# Wireless problem after returning from Sleep mode



## SpaceCowboy5953 (Mar 28, 2012)

I have an Asus Zenbook UX31e I've installed the Consumer Preview of Windows 8 on. I have one problem I'd like some help on, after returning from Sleep mode I am unable to get a network connection, wired or wireless... The wireless card is an Atheros AR9485WB-EG and the wired connection is an ASIX AX88772B adapter. They both have the latest drivers from Asus' website. Everything runs fine after a clean reboot, just having trouble after coming back from Sleep mode.

Any thoughts?


----------



## SpaceCowboy5953 (Mar 28, 2012)

I tried disabling fast startup and "Allow the computer to turn off this device to save power".... no chnage.


----------



## 2xg (Aug 5, 2009)

Hello SpaceCowboy,

It's a common compatibility issue with your router. I am having a similar issue as well, I tried updating the driver of my Atheros device and changed the wireless channel connected to our Netgear Dual Band N Router. When I put the old Linksys router that I have - no disconnection issue at all. :grin:

Have you tried connecting your computer to another router or a Public Hotspot? Are you able to replicate the issue?

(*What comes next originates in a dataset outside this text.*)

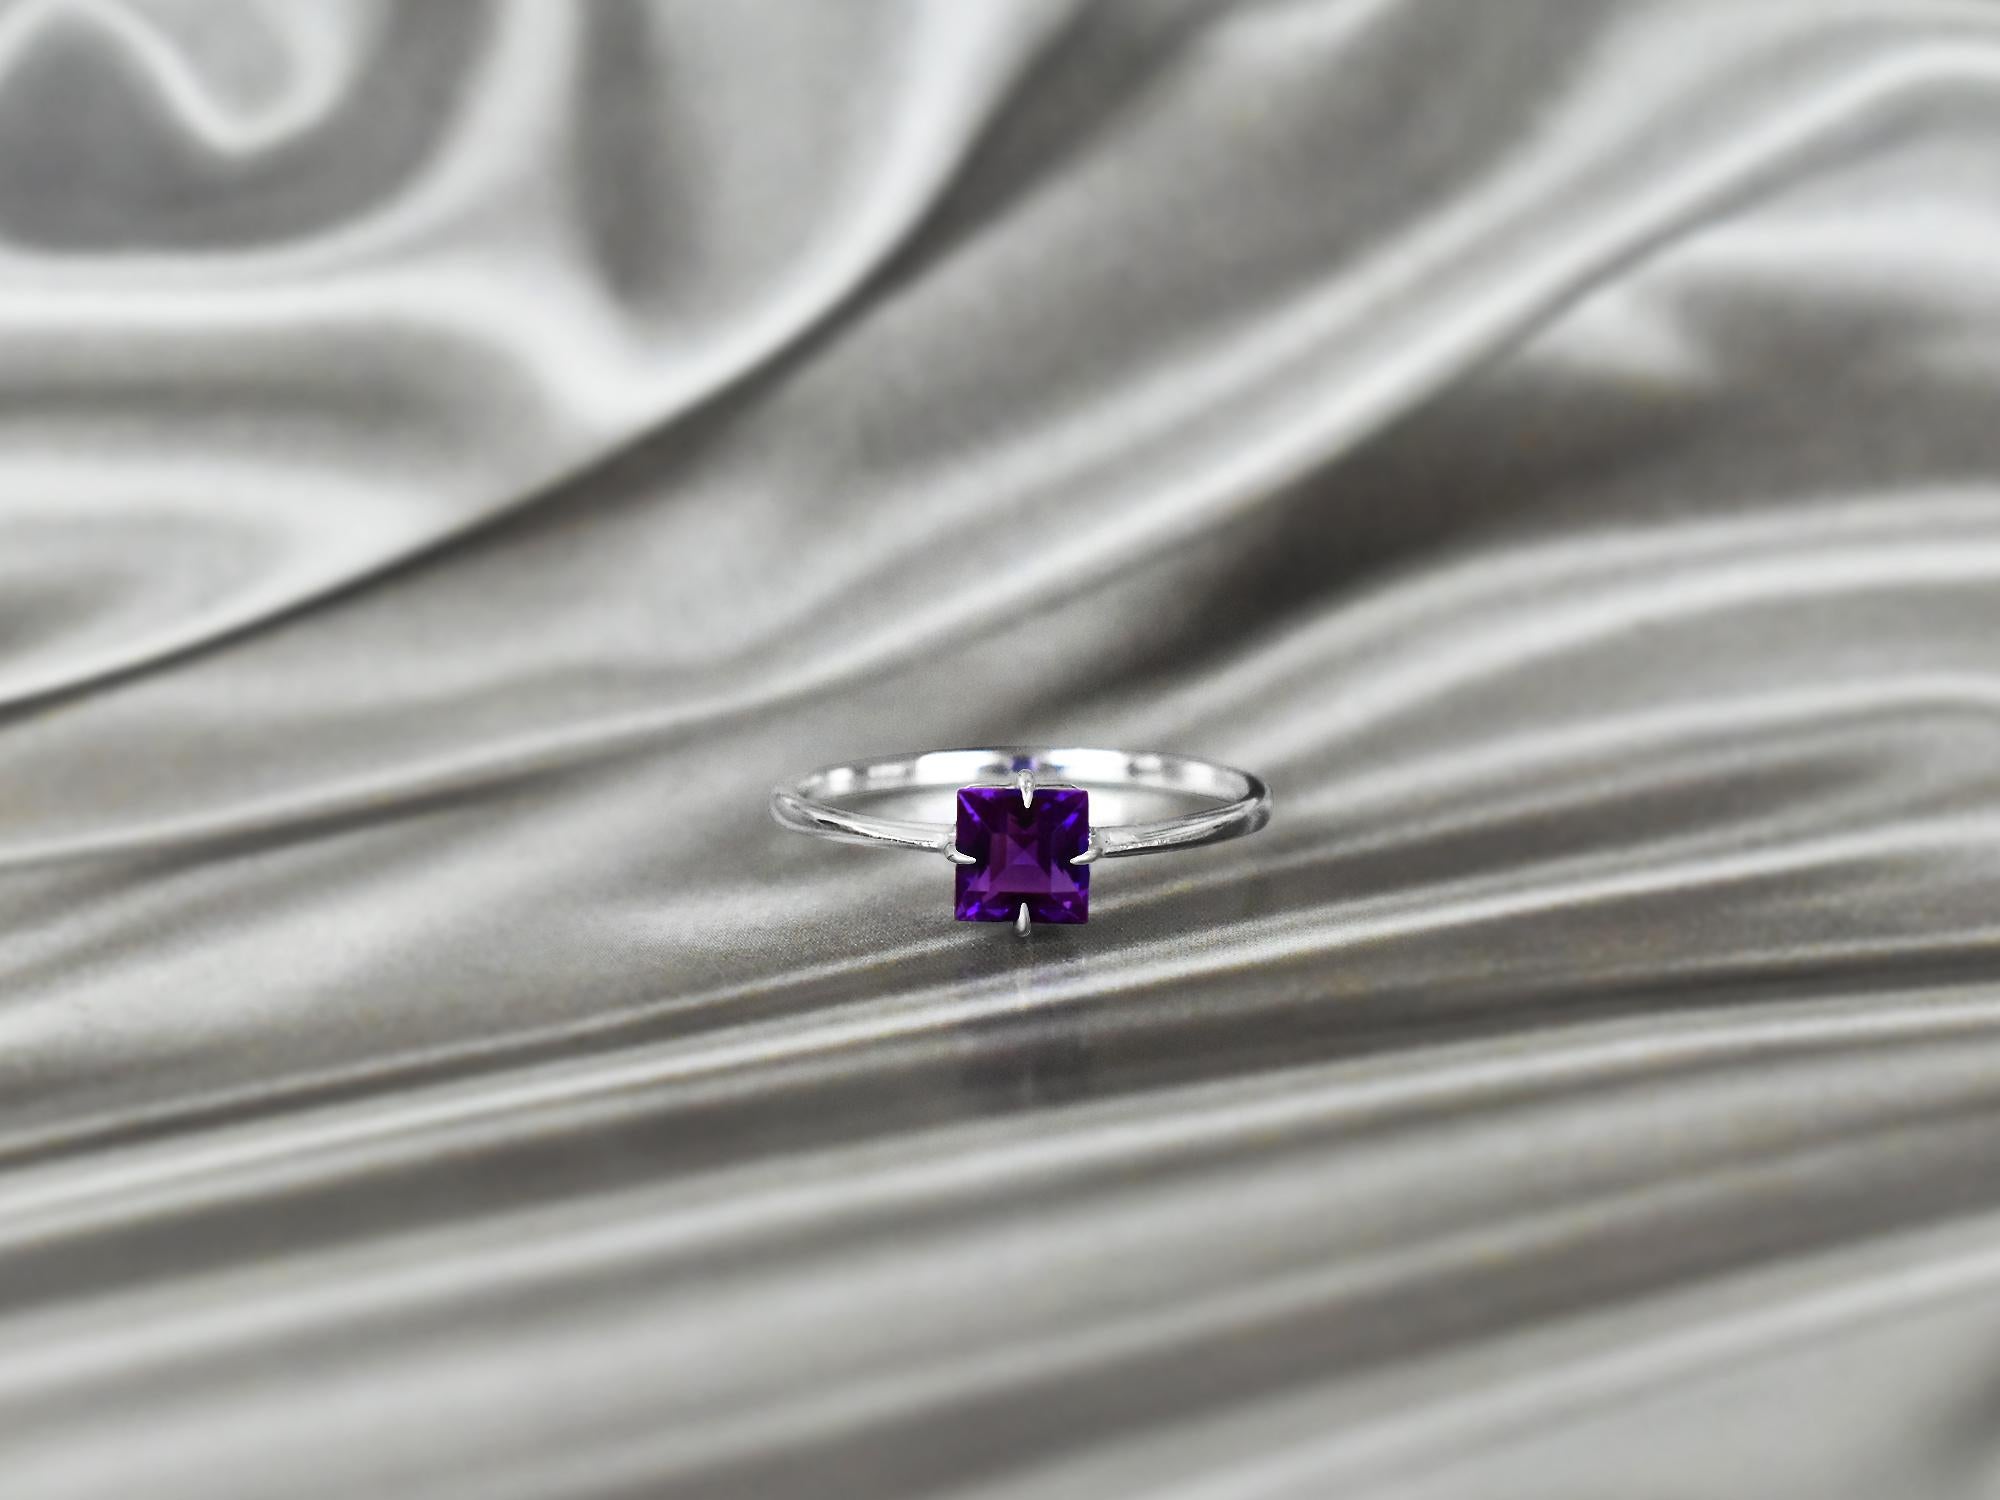 For Sale:  14k Gold Princess Cut 5x5 mm Princess Cut Gemstone Ring Gemstone Engagement Ring 4
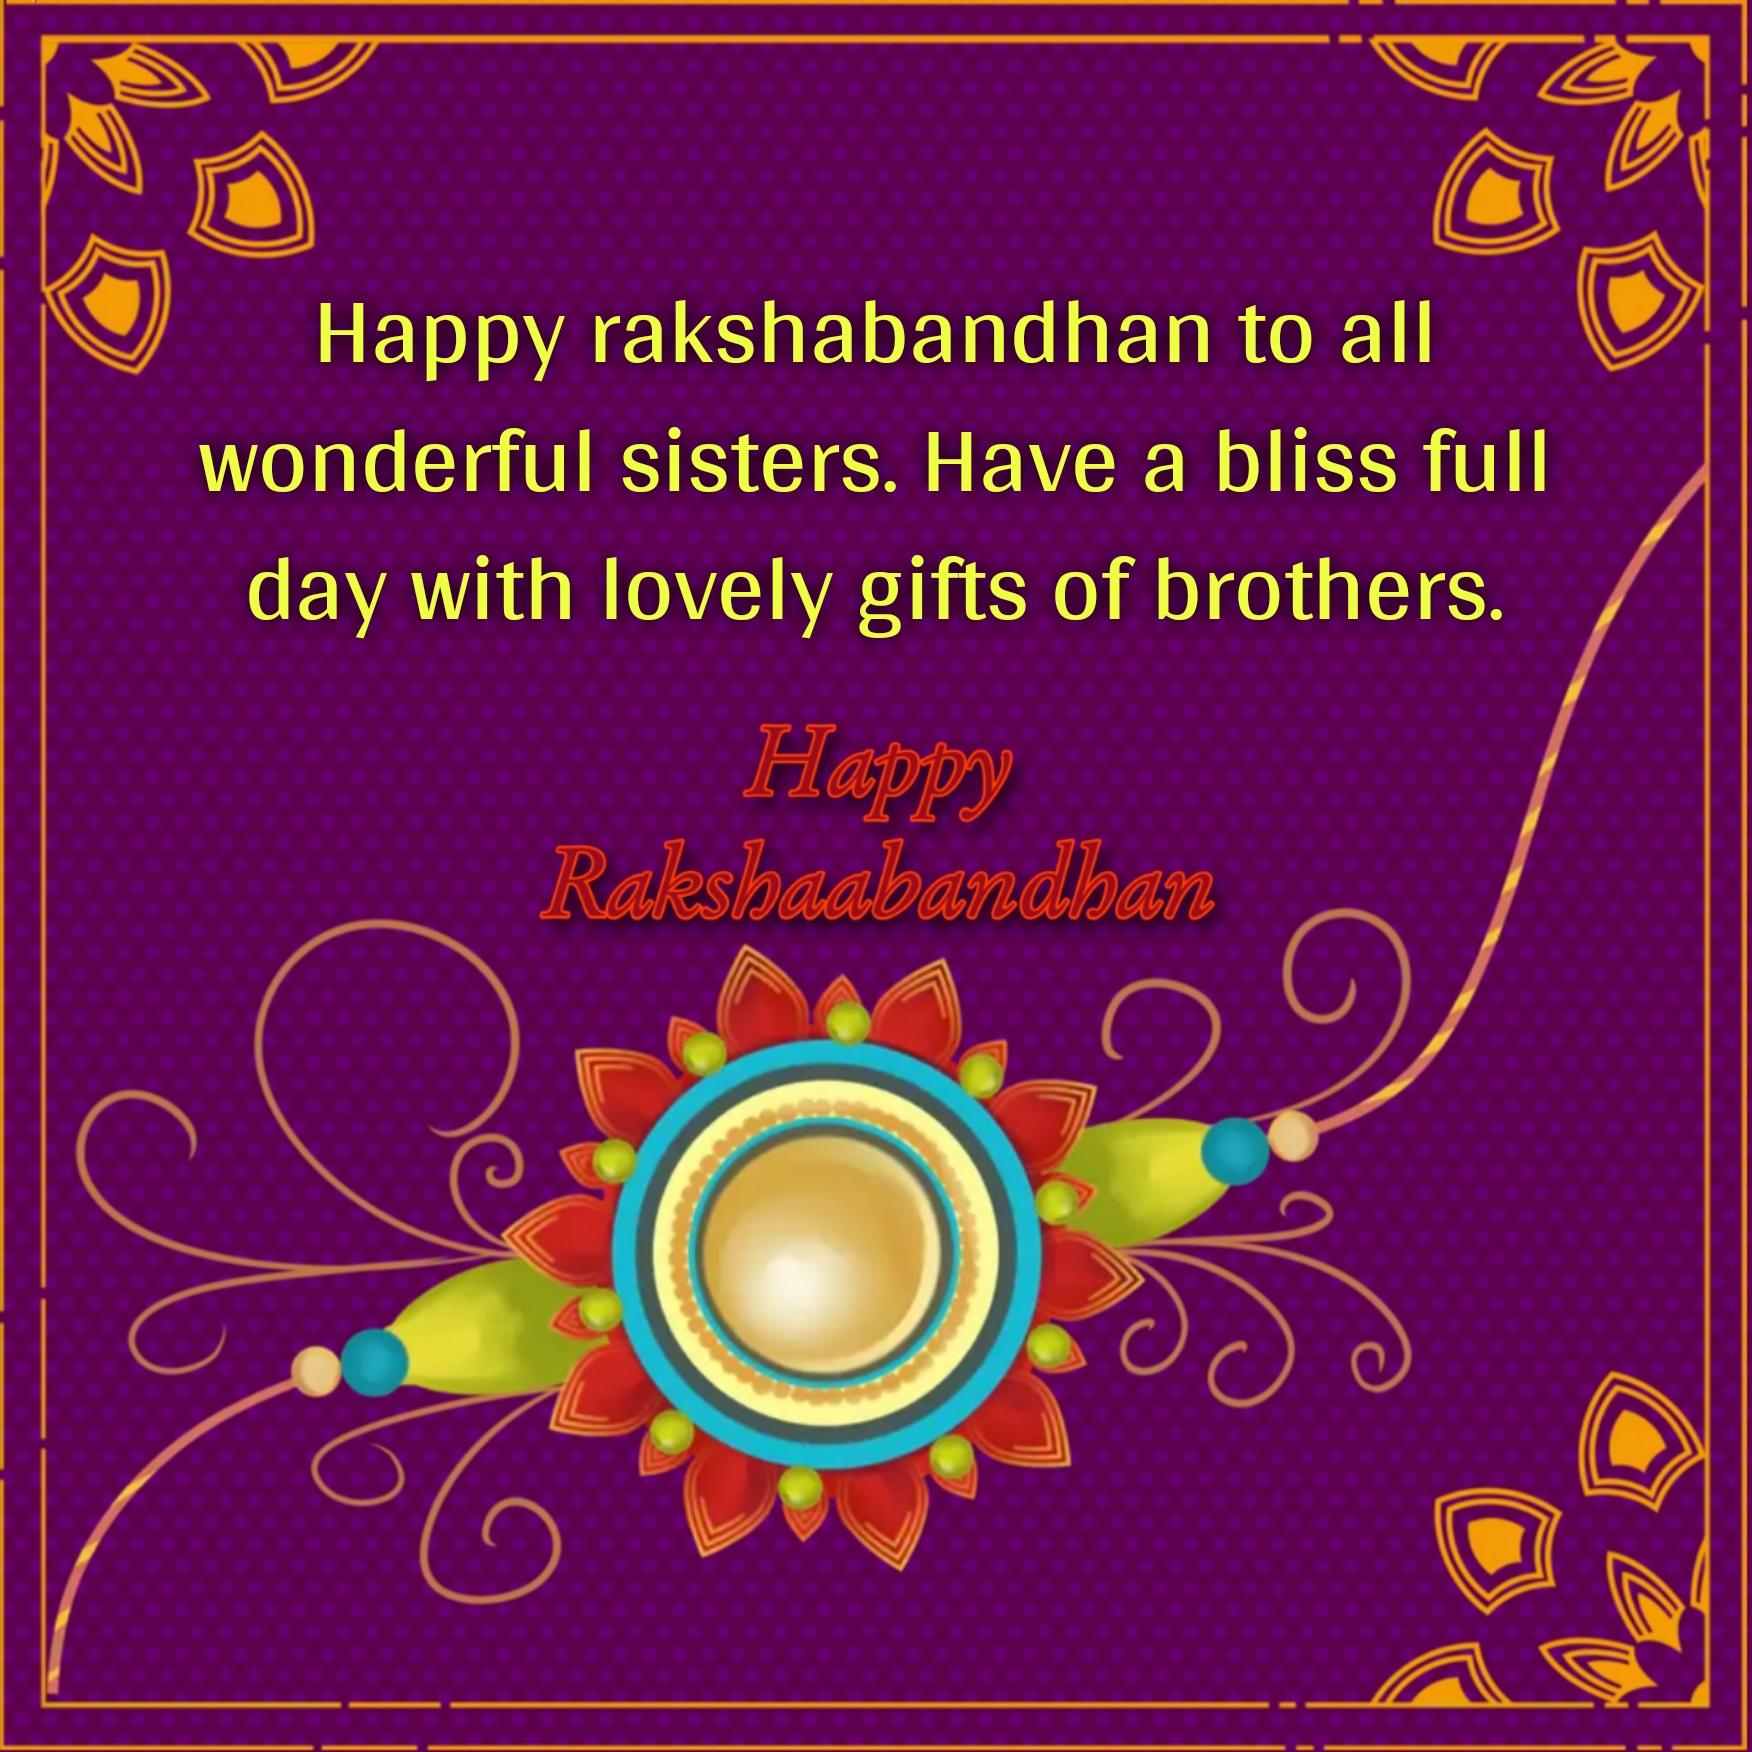 Happy rakshabandhan to all wonderful sisters

This didn't work for me either. :grin:


> I tried disabling fast startup and "Allow the computer to turn off this device to save power".... no chnage.


----------



## SpaceCowboy5953 (Mar 28, 2012)

Thanks for the reply 2xG unfortunately I don't think the fault lies with the router... I travel for work and connect to several different AP's every day. I have the same problem on every wireless network.


----------



## 2xg (Aug 5, 2009)

You may try using a USB Wi-Fi adapter.


> I have the same problem on every wireless network.


----------